Oh wow!!  I definitely detect the milkiness.  That's one reason I was blown away by it.  It smells like no other vanilla I have encountered.

I just placed a 2nd order last night and had Velvet Peppercorn on the list, as well as Snow Witch.  I really wanted Marzipan but they are sold out right now.


----------



## grumpy_owl (Apr 9, 2015)

Velvet Peppercorn will change your life!

I haven't soaped with either of the others yet so it's not fair to be all "meh" when I've only smelled them OOB. But I just did a big gift basket for the Los Angeles Community Garden Council fundraiser and if I don't smell vanilla again until Christmas, it will be too soon.
(Told you I was grumpy...)


----------



## Gren (Apr 16, 2015)

Thanks to this thread, I ended up purchasing several fragrances from Mad Oils.  My assessment:

Vanilla Milk - Apparently it's THE vanilla scent for vanilla haters.  Wasn't super impressive OOB since I'm not a big vanilla fan...but in body butter the dry down is amazing.  I guess the best way to describe it is creamy and candy like, but not sickeningly sweet and definitely doesn't have that buttery note that I hate.
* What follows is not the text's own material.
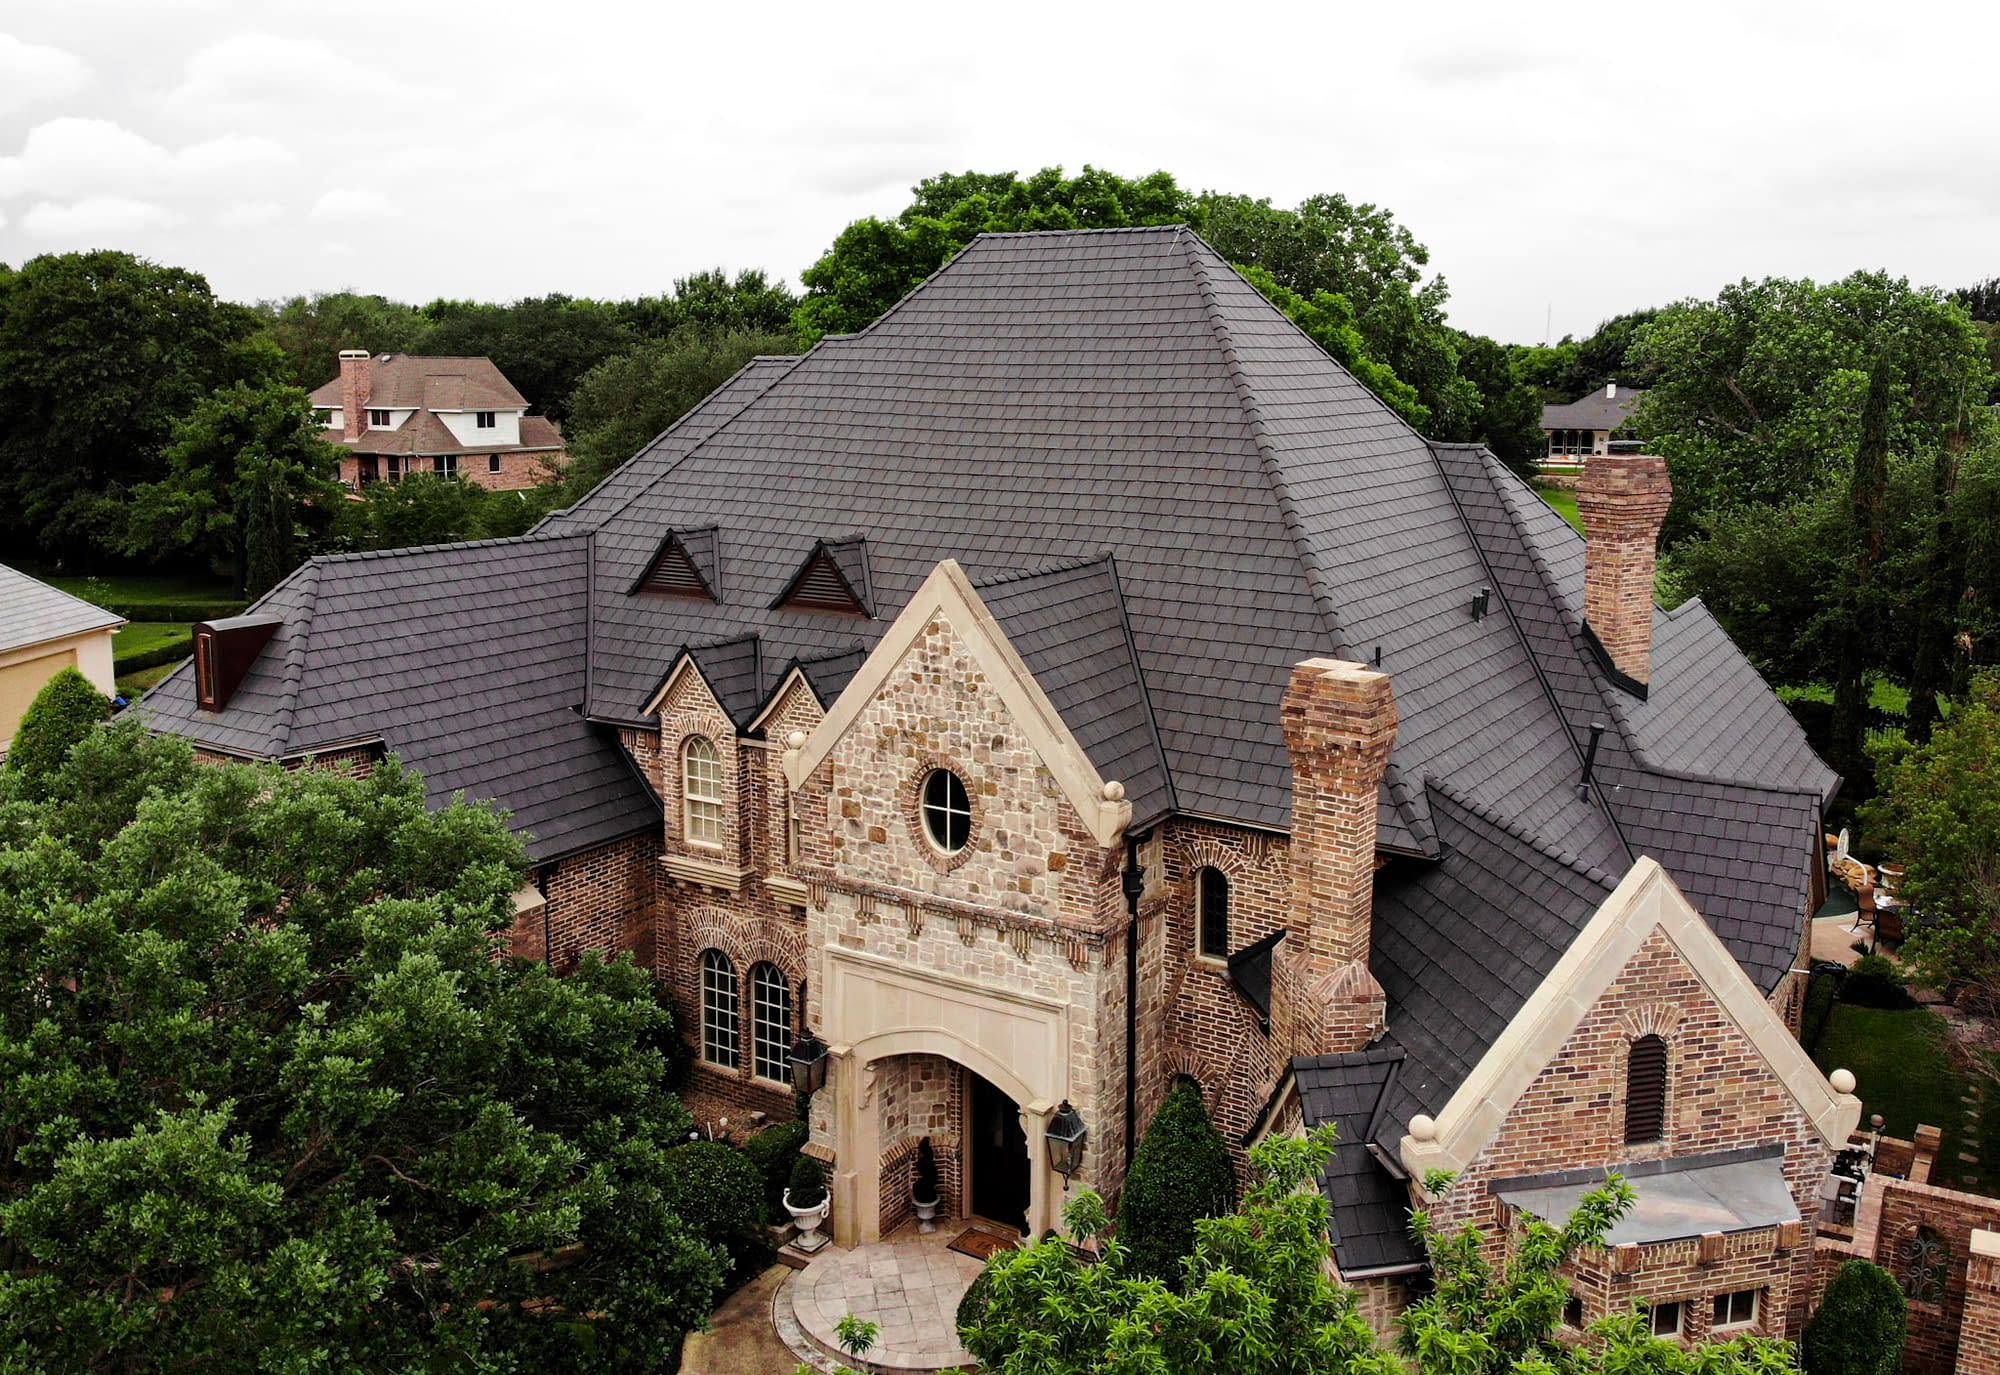 Tips for Choosing the Right Roofing Shingles for Your Climate

Golden Embargo - This would probably be the greatest scent of all time if it were just a little bit stronger.  Also used in body butter (hard to detect even immediately after mixing), and also smells fantastic after a few minutes on the skin.  I don't really even know how to describe it...definitely amber but brighter?

Smoke & Mirrors - Pretty much exactly what it sounds like.  The smokiness is readily apparent, but there's something else that reminds me of fresh rolled cigars.  Not a bad thing by any means, and definitely geared more towards guys.

Velvet Peppercorn - I'm on the fence with this one.  It's peppery and very slightly sweet.  Used in a hand cream, disappointed the scent didn't last very long.

Hedonic Tonic - I really wanted to love this one.  Used in a hand cream, and I keep using it to find something to love about it.  But right off the bat it smells like lemon Pine-Sol.  When it dries a bit I get a sense of daisies and maybe the merest hint of mint/sage...but that initial cleaner smell is really off-putting.  I just can't imagine someone picking up the jar to sniff it and thinking, "Yeah, I want to smell like a freshly cleaned bathroom." 

Sexy Beast - Haven't used it yet, but it is perfect OOB.  According to the description it's pretty much all florals, but it's so hip and bright where other floral heavy fragrances smell like old ladies' perfume.  I'm not practiced enough to detect any individual floral notes (maybe honeysuckle), it just all blends together so well.  Definitely fit for a body spray/perfume, but should be perfect in anything.


----------



## cgirard4 (Apr 16, 2015)

I just placed my first order with them. I am so happy to see this post!


----------